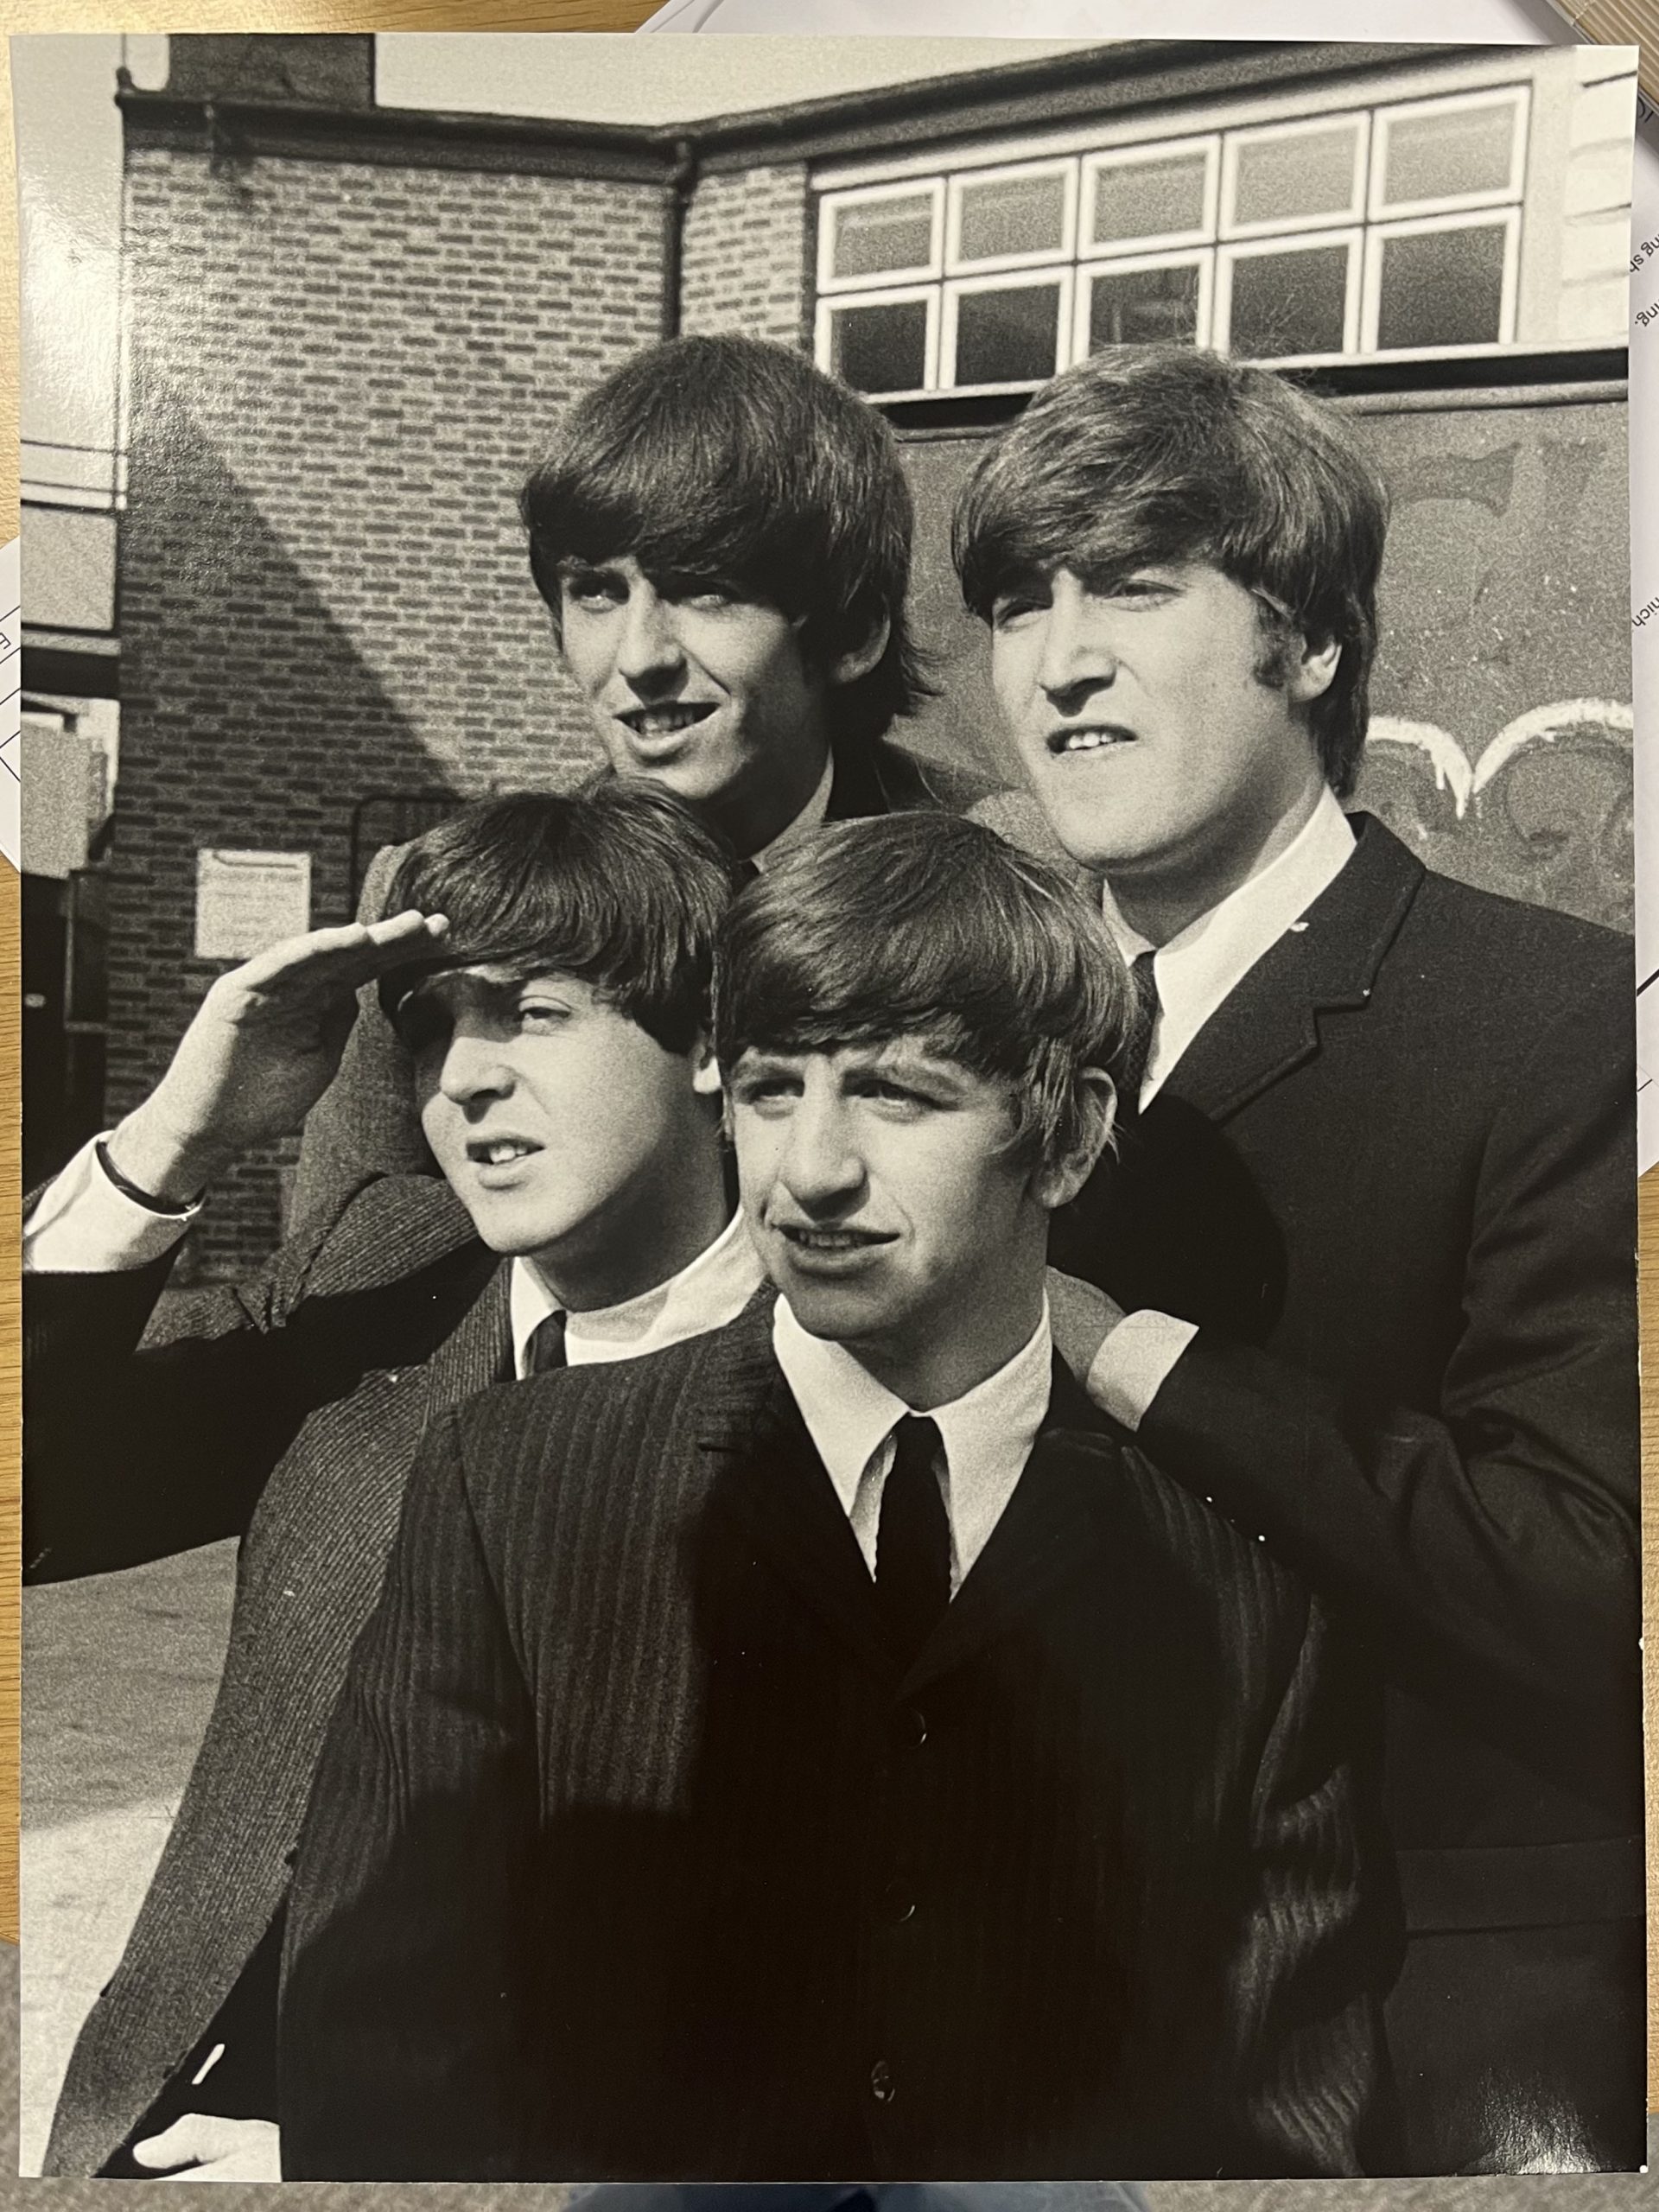 Beatles Photograph by Astrid Kircherr
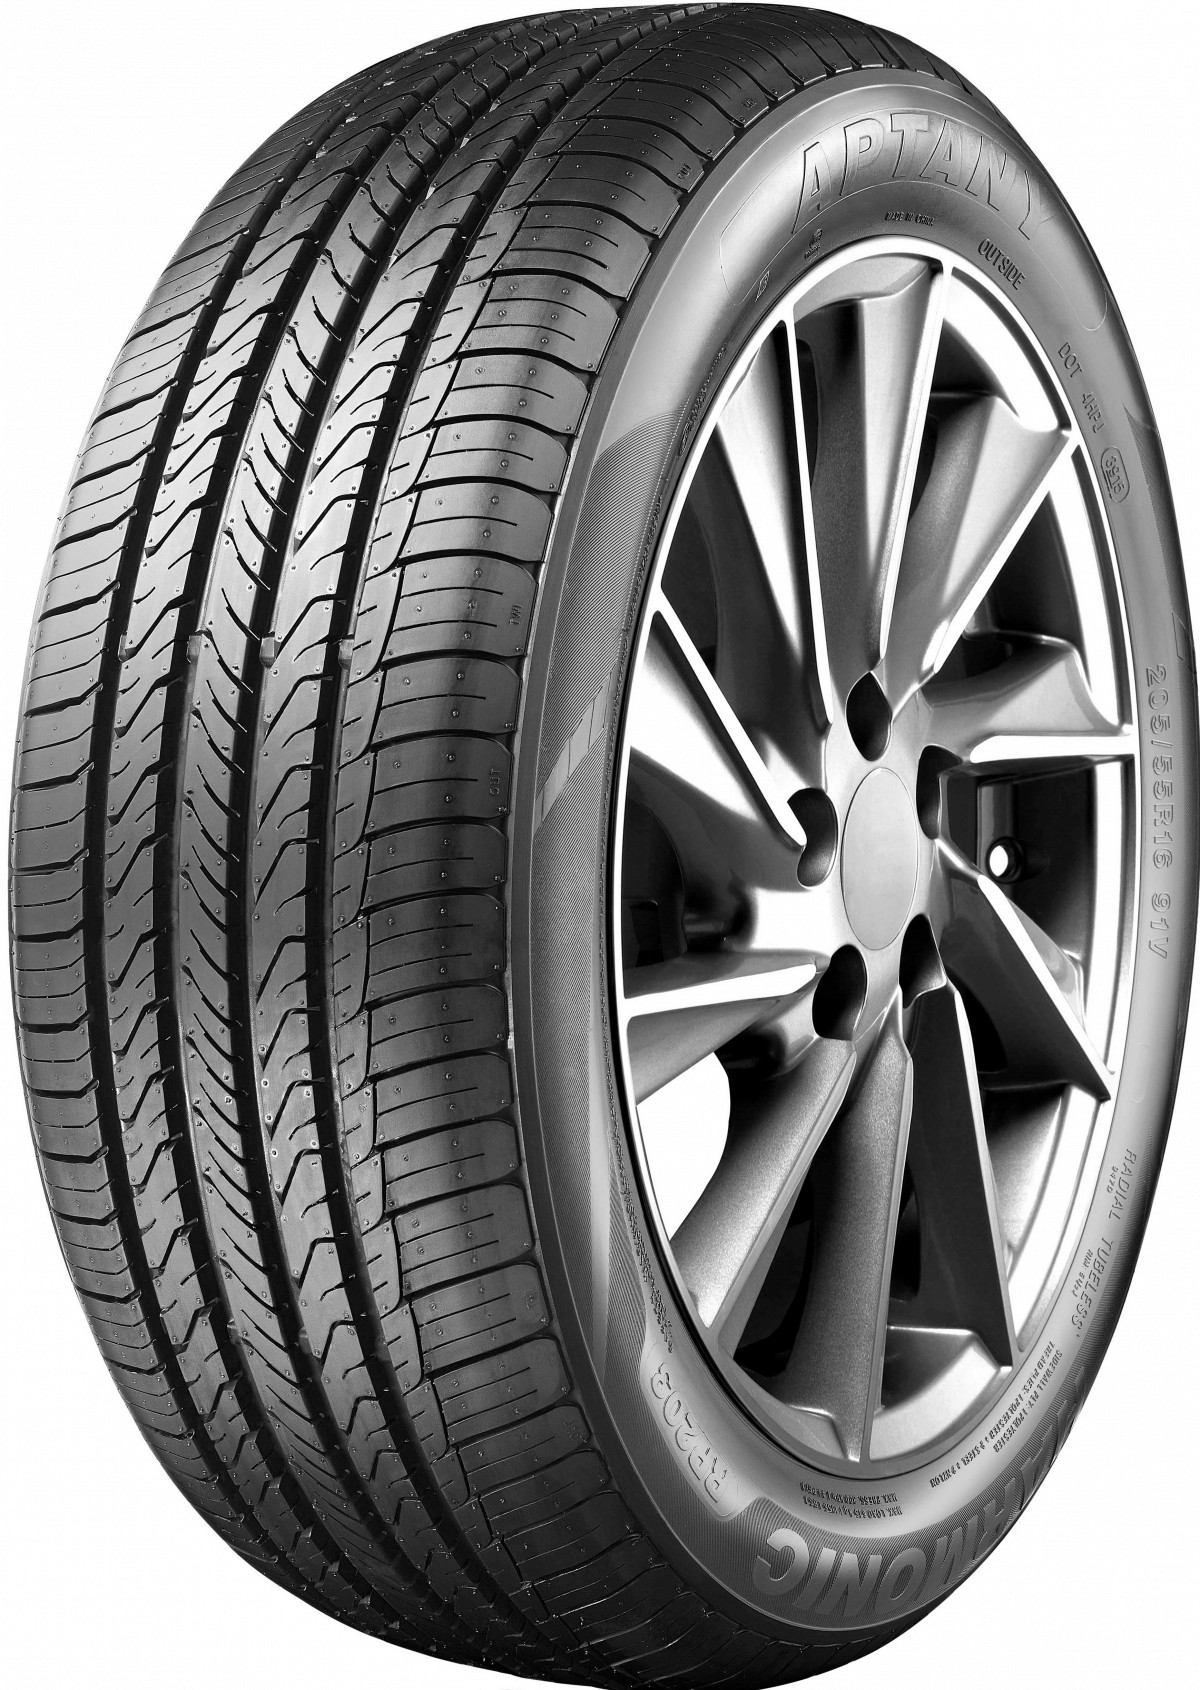 Neumáticos 205 60 R16 92H precio 52,52 € — Aptany RP203 EAN:6950306347580
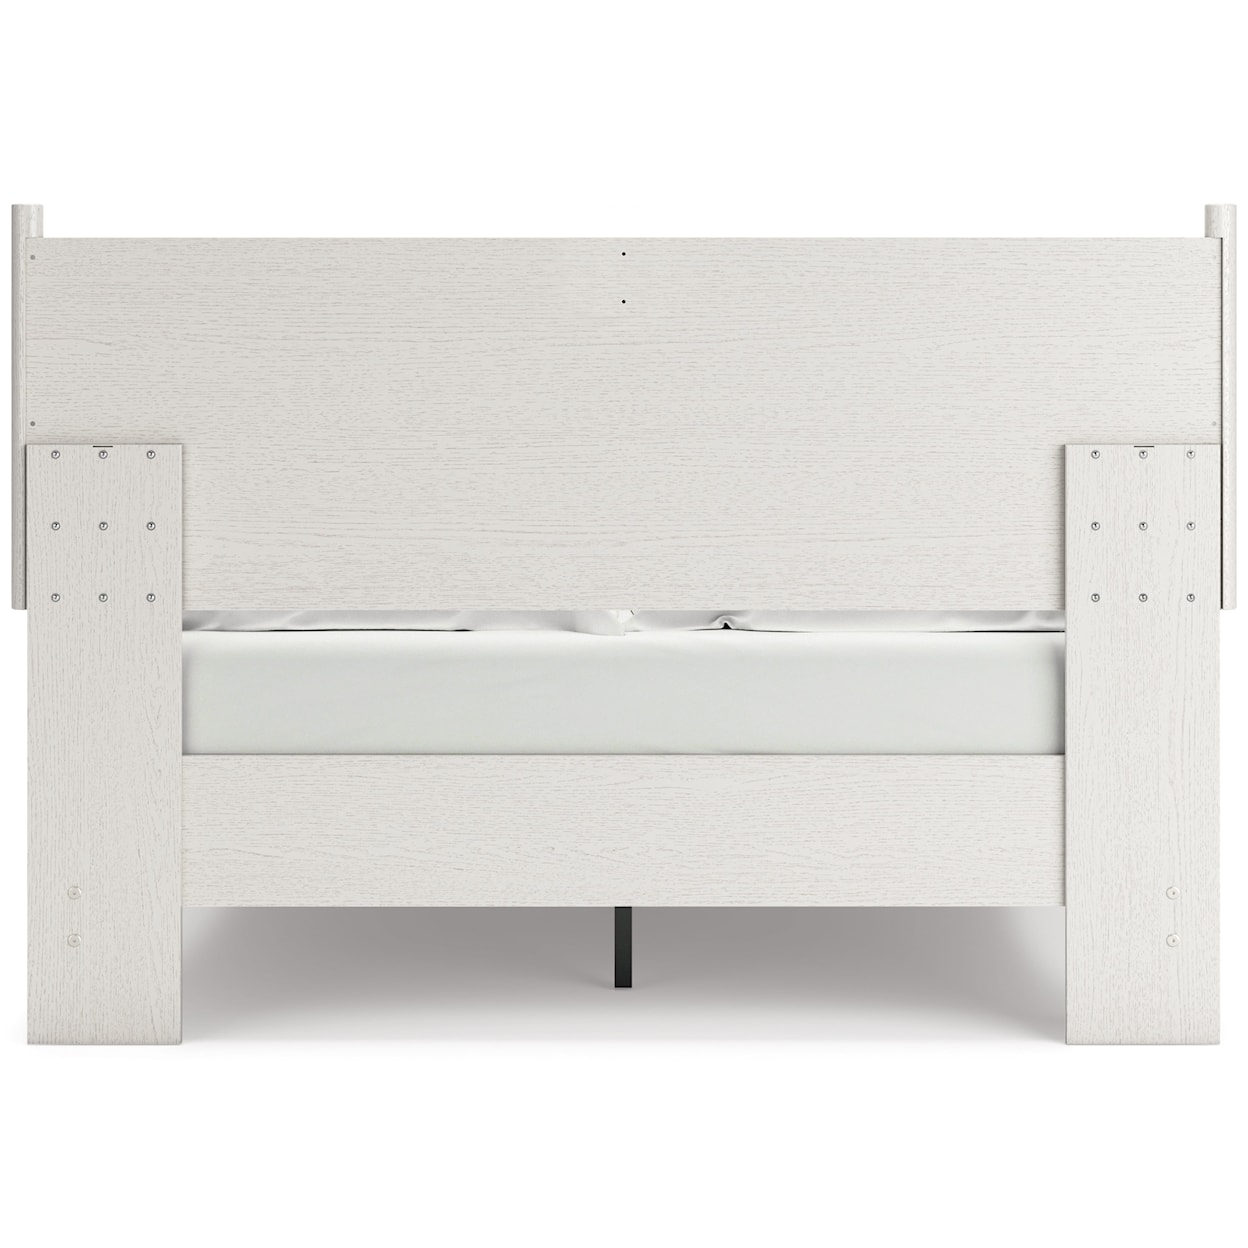 Ashley Furniture Signature Design Aprilyn Queen Panel Bed

### What you are asked to do
Transcribe all of the material exactly, leaving out whatever pictures it contains.

### Task result
 Beatles Photograph by Astrid Kircherr
 Neumáticos 205 60 R16 92H precio 52,52 € — Aptany RP203 EAN:6950306347580
 Ashley Furniture Signature Design Aprilyn Queen Panel Bed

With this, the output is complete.